Le clip est sorti le soir de la demi-finale, coup de cœur pour le son, enchanté·es par l’image. Black Bones plaque un sourire sur le visage de l’auditeur qui dodeline complaisamment de la tête. Cols roulés, chevelures seventies, couleurs d’un automne suranné… Power-pop en force pour un morceau terriblement entêtant, espiègle à souhait et désinvoltement eurythmique.

La musique pour revendiquer quoi ?

200 millions de téléspectateurs cette année pour la compétition musicale qui prenait place à Tel Aviv. Il s’en est passé des choses : Madonna a chanté faux, les Pays-Bas et leur candidat Duncan Laurence ont gagné, le candidat israélien a pleuré, et des drapeaux palestiniens ont été arborés, ce qui a quelque peu agacé les hôtes de la finale.

Notre bien aimé Bilal Hassani a fini 14ème (les plus chauvins d’entre nous diront qu’on a quand même niqué l’Espagne, l’Allemagne et le Royaume-Uni). Représentant la France, Bilal Hassani a catalysé toute la beauté des identités multiples auprès du grand public, prouvant que les mal nommées « minorités » ne se doivent pas d’être cantonnées à la culture « de niche », mettant à disposition du grand public la chanson au potentiel mainstream d’un jeune français, arabe et gay. Et telle est la force de l’émission, qui reste aussi une plateforme de prise de parole ultra-médiatisée.
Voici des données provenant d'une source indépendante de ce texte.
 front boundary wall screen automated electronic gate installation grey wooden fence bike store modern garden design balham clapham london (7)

Si l’on ne se contente pas seulement de jauger la capacité de notre si beau pays (33,9% des voix exprimées pour le parti de Madame Lepen au second tour des dernières présidentielles, petite info jamais hors-contexte) à se servir de l’émission comme un canal progressiste, on restera sur un bilan amer et toujours hypocrite de l’émission de cette année ; ne serait-ce que sur le choix d’Israël pour accueillir les candidats. Si l’Etat hébreu avait déjà profité de l’édition de 1998 pour envoyer une candidate trans (vainqueuse par ailleurs), si Tel Aviv est surnommée la « Mecque des homos », le pays reste pointé du doigt pour son marketing droit-de-l’hommiste furieux, accusé de pinkwashing.
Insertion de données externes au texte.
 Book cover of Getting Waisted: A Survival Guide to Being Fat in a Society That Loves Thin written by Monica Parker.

Alors merci au groupe islandais Hatari (électro-punk anarchiste) et aux danseurs de Madonna qui ont eu raison d’arborer ces drapeaux palestiniens, ne serait-ce que pour faire chier les autorités israéliennes. Et merci à Black Bones, et à tous ceux qui donnent à l’Eurovision son côté mythique, indémodable et toujours assez jubilatoire.